An article that makes you want to get out there and do the same, well done.
I used to love my winter fishing when I was younger, those cold crispy mornings when for some strange reason you never felt the cold and sometimes a special day when the fish went barmy for the bait and you caught loads. One of those red letter days for me that I remember well was in the early 70's on the Severn at Eardington when, after a mile long walk we settled in on a hotspot. I caught non-stop all day long with first a wave of chub then a wave of barbel (they were much smaller in those days) and it was that cold my wellies froze into the mud and my rod rings kept freezing over. My old Dad was with us that day fishing the peg above me and that was the first and only time he ever caught barbel, he loved every minute of it except the long walk.
My bad circulation and weak ticker precludes me from fishing when it is really cold and I envy you and all those that take the trouble to fish when most prefer to sit in front of the fire, some of the best chub fishing I ever enjoyed was in the winter because they too are a willing fish even on the coldest of days.
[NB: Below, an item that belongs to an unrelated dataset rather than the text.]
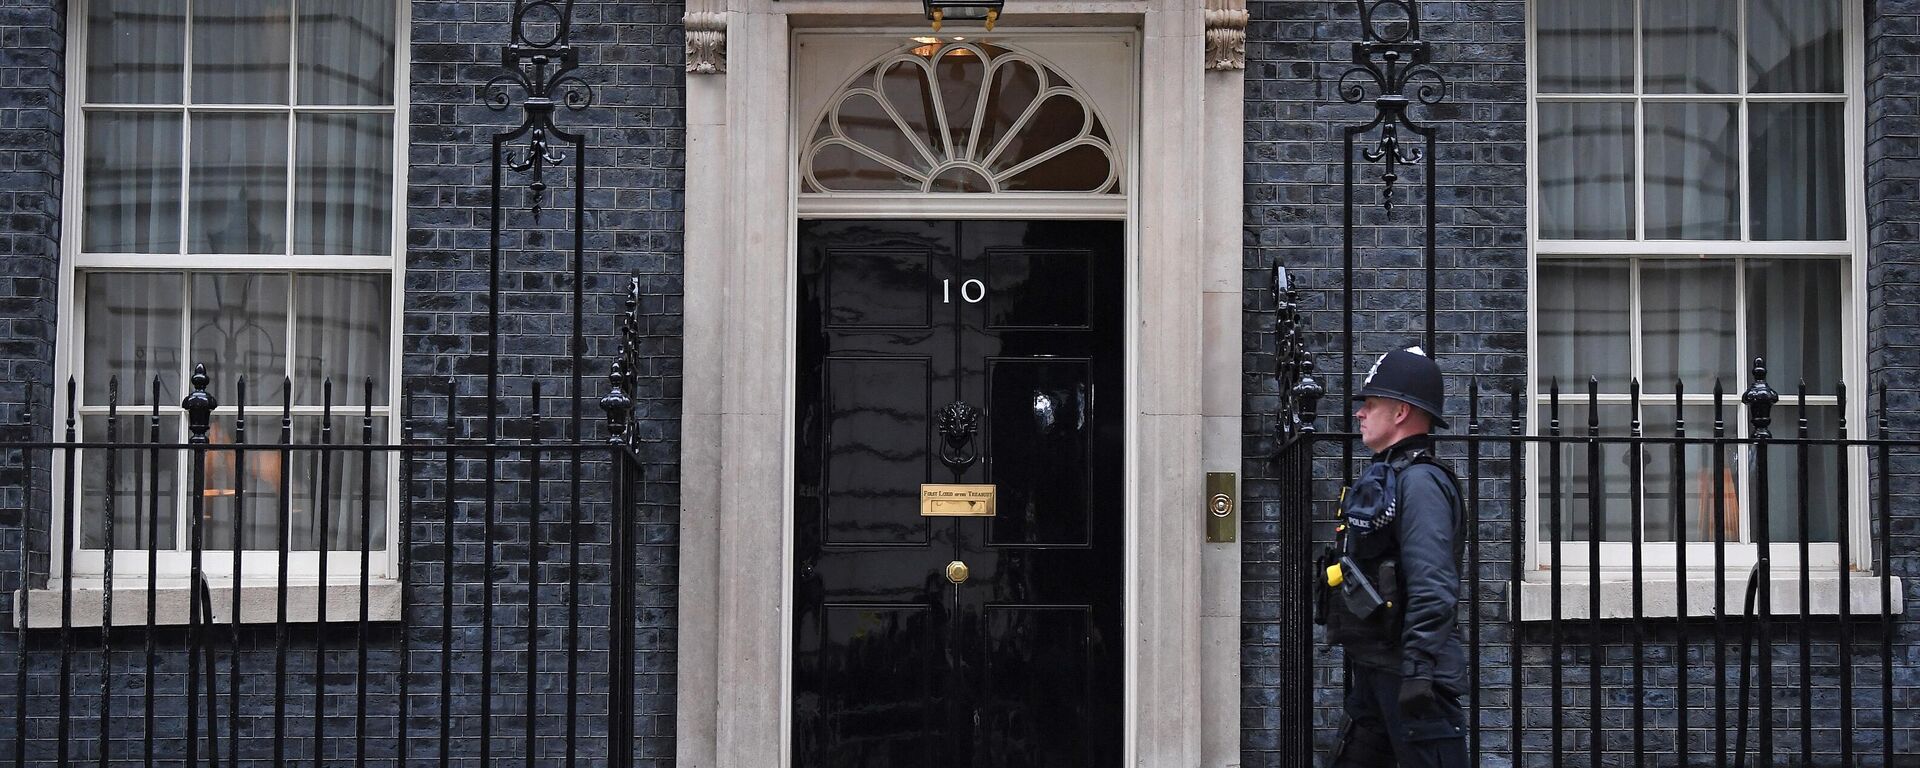 A police officer walks past the door to 10 Downing Street, the official residence of Britain's Prime Minister, in London on January 25, 2022 - Sputnik International, 1920, 15.02.2022

Fabulous Dave; doesn’t it just make you yearn to be out there, even in this extremely cold period. What a great sentiment: “There are many days when a six ounce dace will bring great joy and a pound perch will keep a smile on the angler's face for several hours.”
I struggled for three hours yesterday on the Colne and managed just one bite which resulted in one small dace, much less than six ounces. But at -4 degrees and a harsh ground frost, I still felt it was mission accomplished. The added bonus was the brilliant blue saluting fly past of the resident kingfisher, a Little Owl waiting for my return to the car park, and a most splendid Colne Valley sunset.
I too was inspired to fish smaller waters after reading "Rough Rivers & Small Stream Fishing" as a teenager. Also the early John Wilson programs got me into carrying less tackle even buying one of his waistcoats. I tend to fish local River Dane and although I can catch more & bigger fish elsewhere I enjoy fishing on quieter banks.
What a great article. It makes me want to get down to the river. As soon as I get over my illness, which has now gone on too long, I will be there. The roach at the top of the article looks lovely and makes me want to go and catch one. I will certainly try for one from the Avon, or possibly ther Stour, as soon as possible. I have a horrible feeling that if this cold weather continues for much longer then the back end chub may not be as big as usual as they may feed less for a while so roach will be a good target. I will also be visiting the Ouse as soon as possible, but higher up river than you, and targetting perch and chub.
Sorry to hear about your problem Dave, same one as before I presume. You got through it before and I'm confident you will get over it again, just think of all the fishing you will miss and maybe that will give all the incentive you need.